REMBANG – Atap lapak 10 blok pasar Sluke ambyar. Usai di sapu angin puting beliung. Beruntung saat kejadian sudah sepi aktifitas. Untuk menghindari hal yang tidak diinginkan barang dagang dibawa pulang.
Kabar itu disampaikan Camat Sluke, Ansori. Di wilayah kerjanya ada bencana angin puting beliung. Posisinya di desa Sluke. Tepat di kantornya atau lapangan Kridanggo dan areal pasar desa.
”Betul mas kejadiannya siang hari. Sekira pukul 12.30 wib terjadi angin puting beliung,” kata Camat kepada Jawa Pos Radar Kudus.

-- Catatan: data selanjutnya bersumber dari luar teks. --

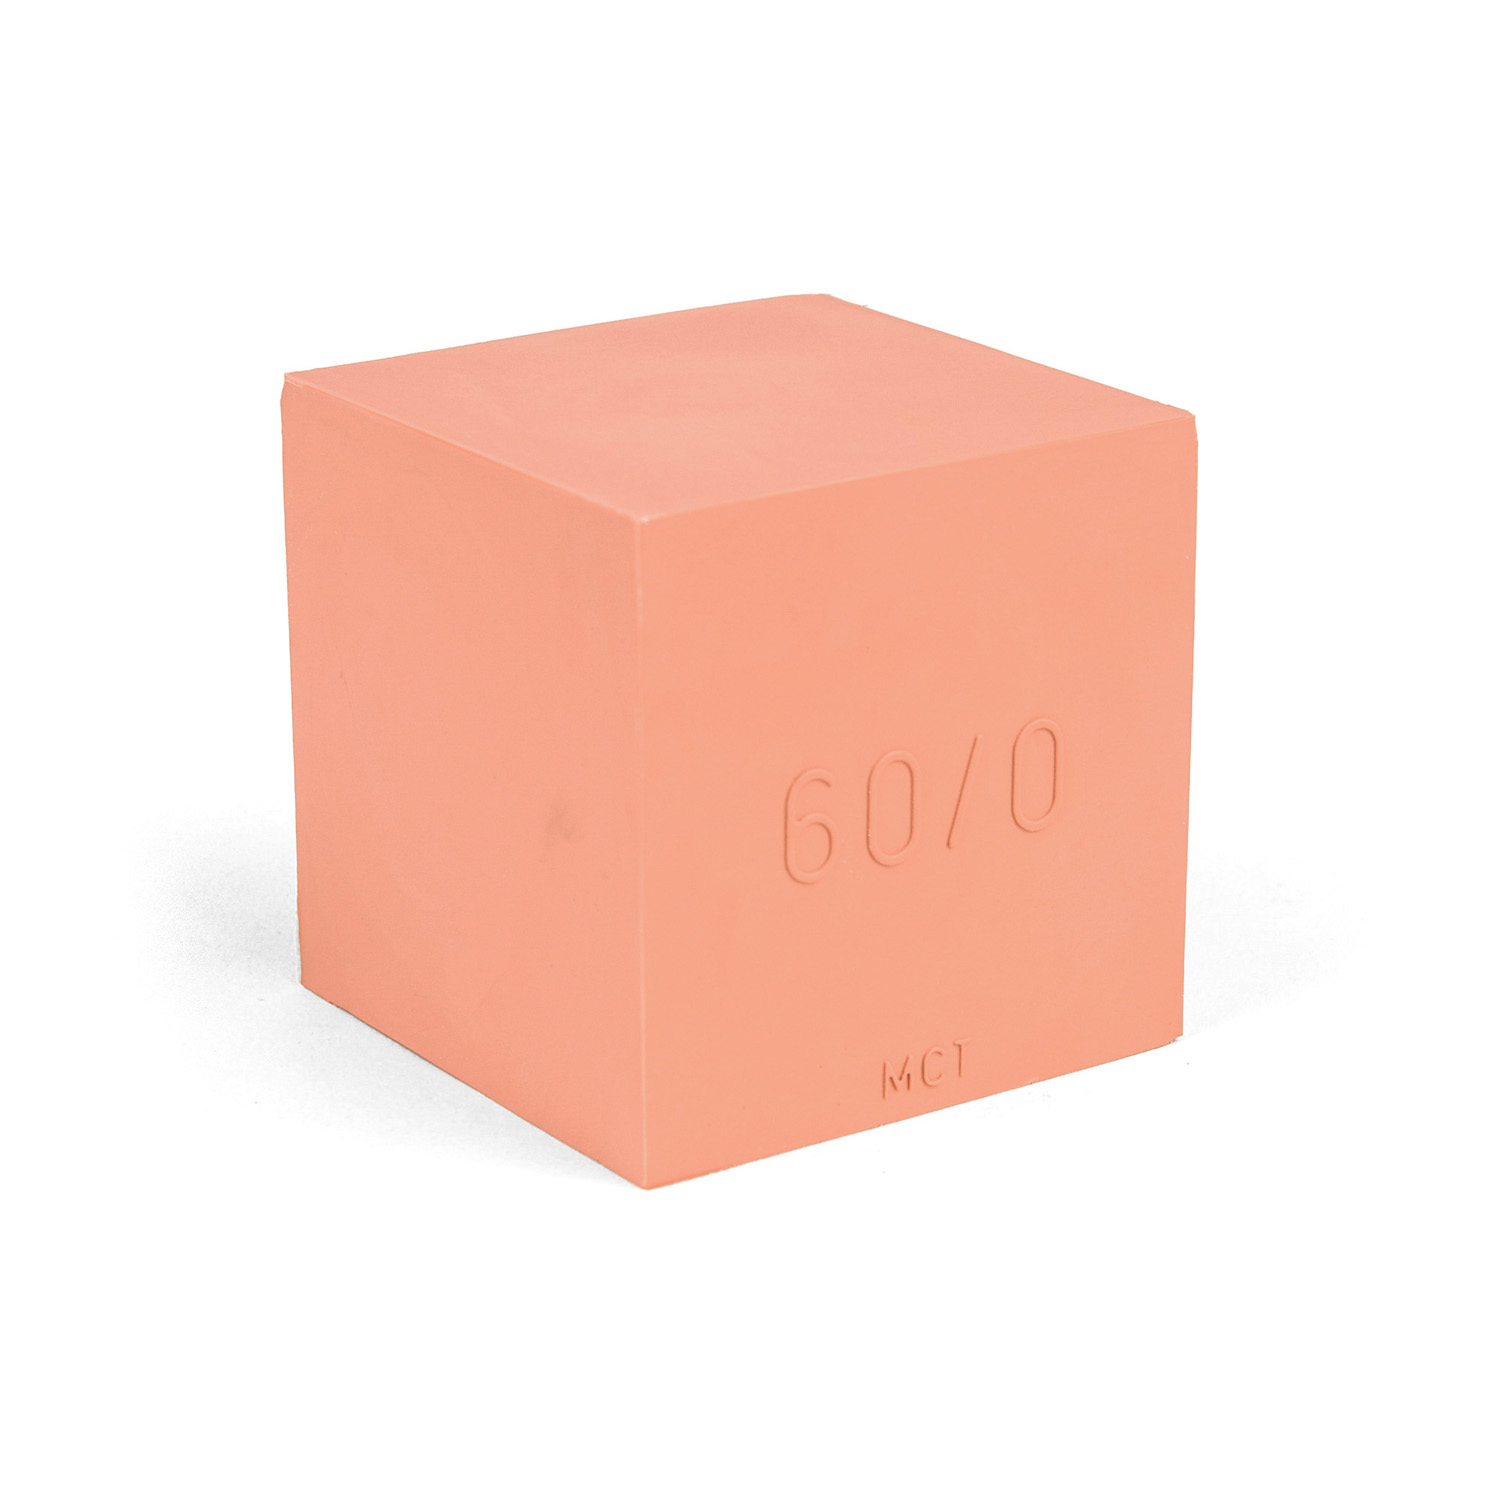 60-0 Spare block lycron, 60-0 solid block size 60x60mm
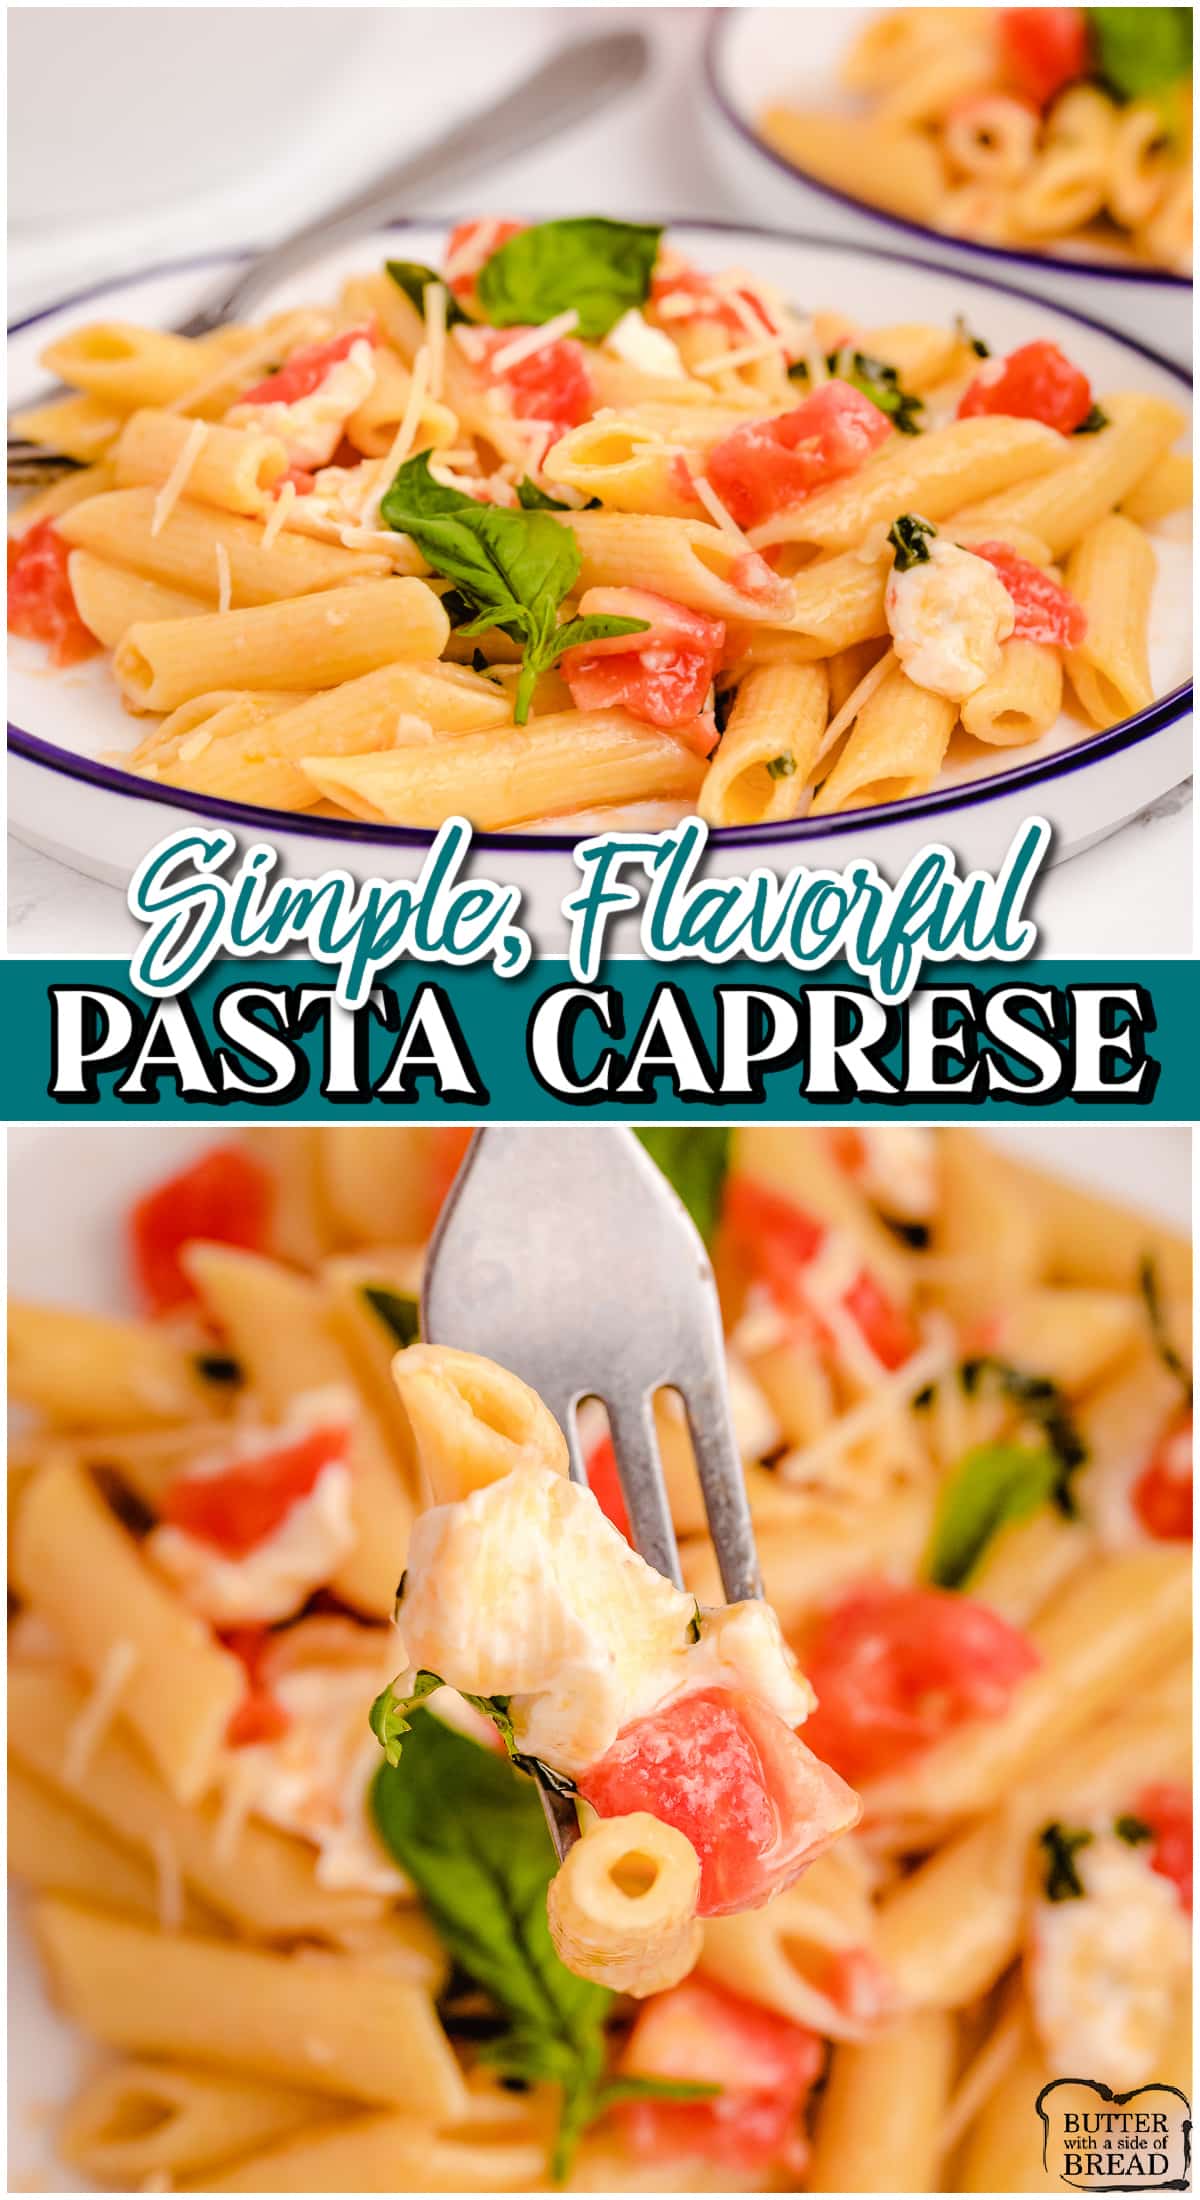 Pasta Caprese is a flavorful, light dinner recipe perfect for weeknights! Quick & easy meatless meal with fantastic fresh flavors from the tomatoes, mozzarella & basil!
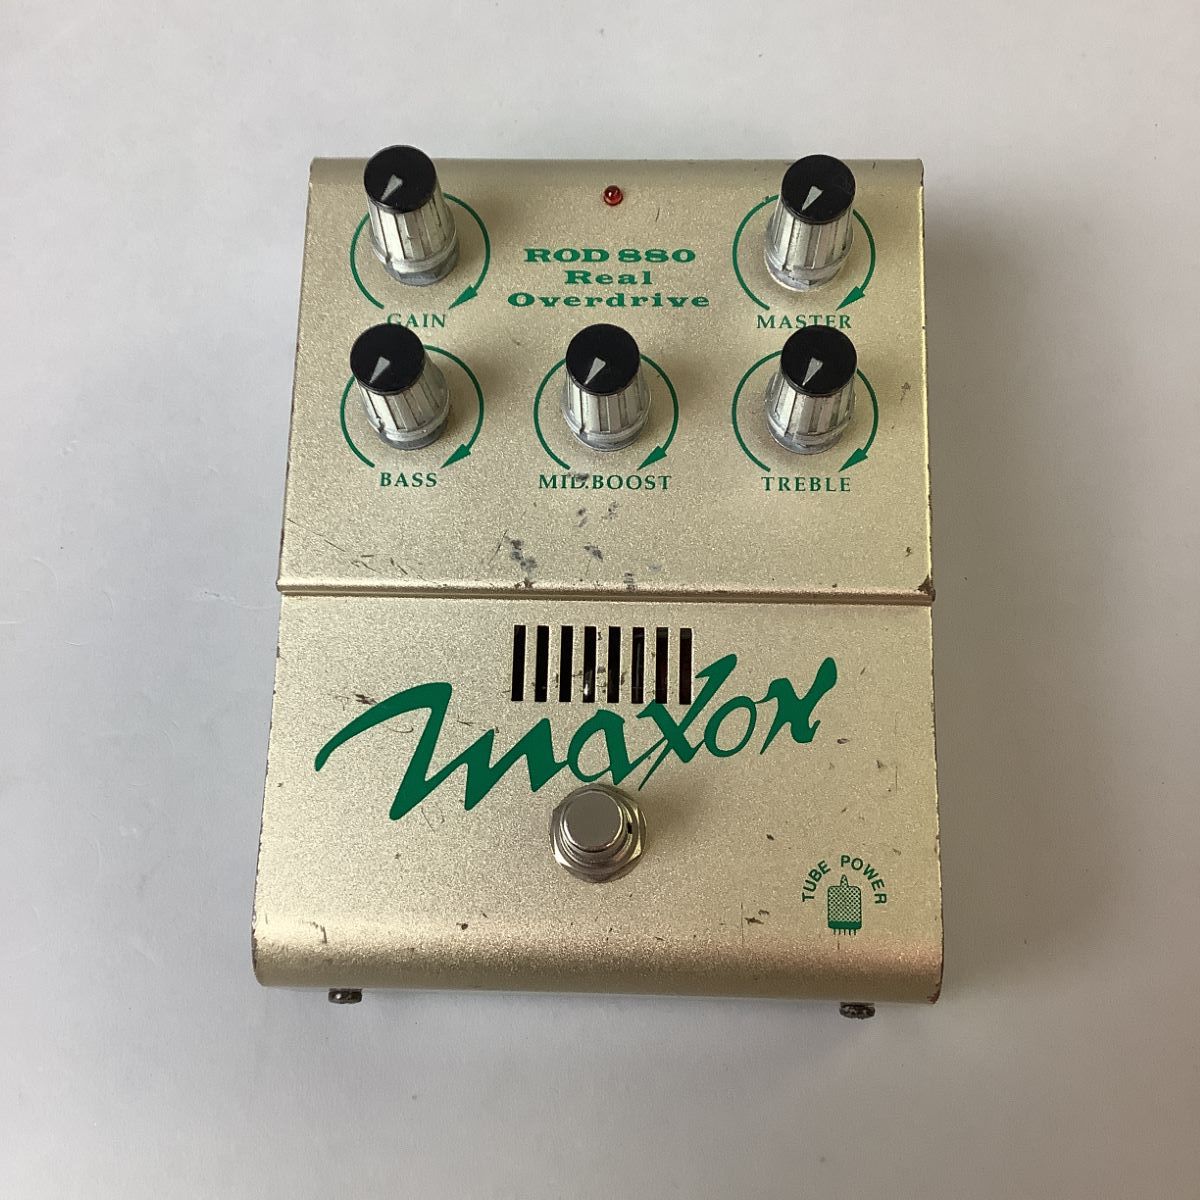 maxon ROD880 Real Overdrive
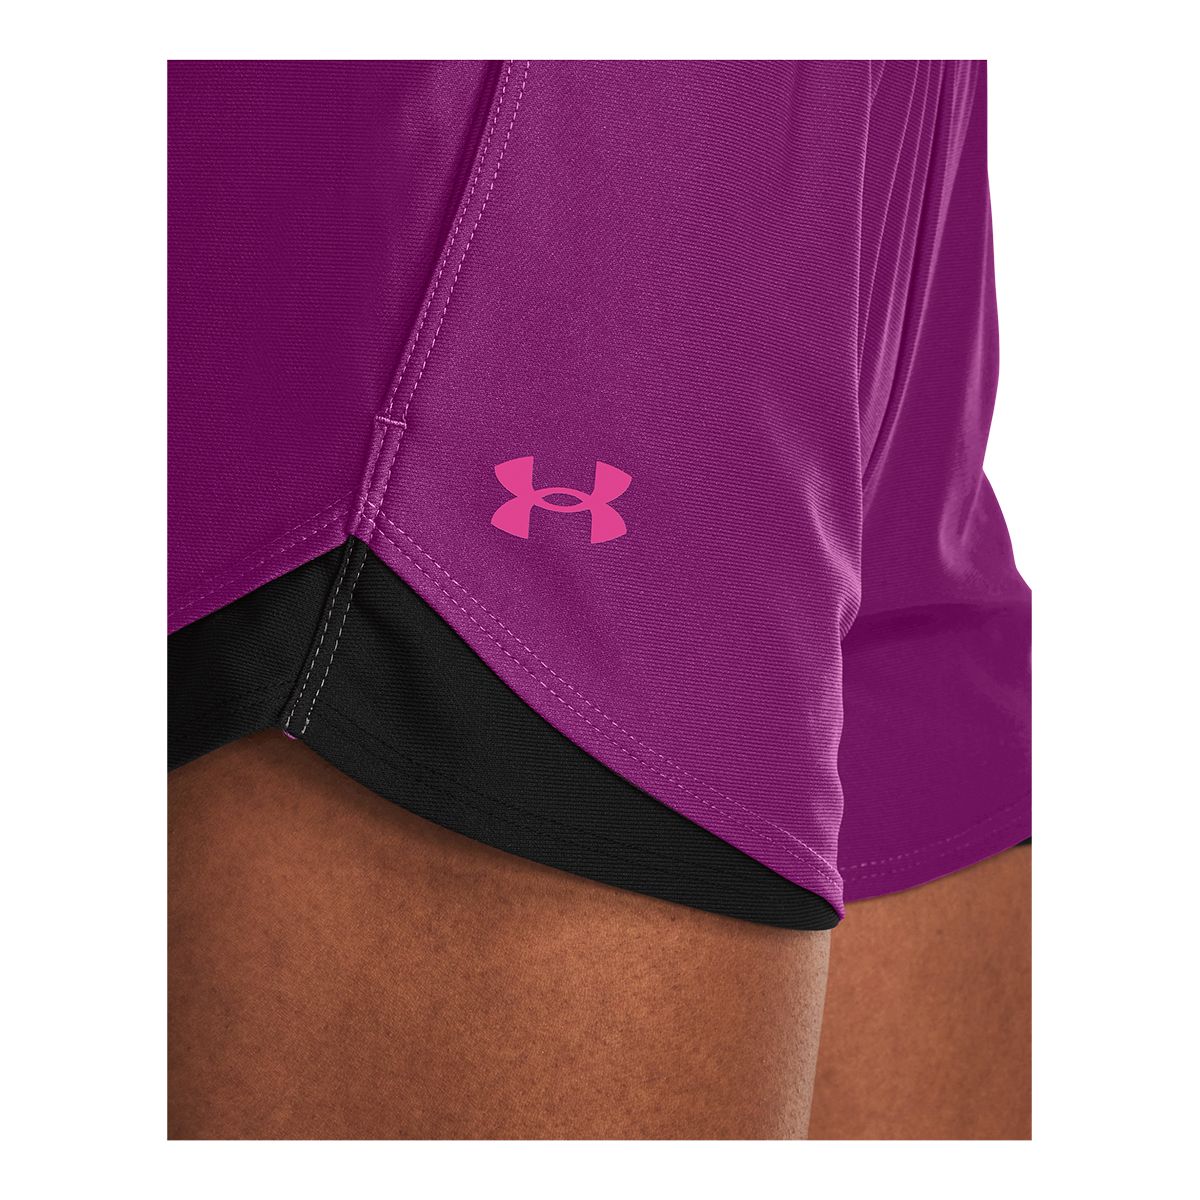 Under Armour Women's Play Up 2.0 Shorts Mobile Blue Black XX-Large

Dalam video yang dibagikan tampak seorang anggota koramil setempat berada di sekitar blok yang atapnya ambyar. Atap itu dibuat hanya semi permanen. Bahanya dari seng dan esbes. Dibangun usai musibah kebakaran beberapa tahun silam.
Disana beberapa orang juga berjibaku. Ada yang membetulkan kusen kayu. Menggunakan alat linggis untuk mencongkel. Kemudian beberapa warga melihat dari dekat. Usai musibah angin puting beliung tersebut.
”Lumayan kencang anginnya. Sekitar pasar sampai sekitar lapangan Kridanggo. Ada baliho HUT RI yang roboh di lapangan upacara. Sudah dibenahi langsung,” terangnya.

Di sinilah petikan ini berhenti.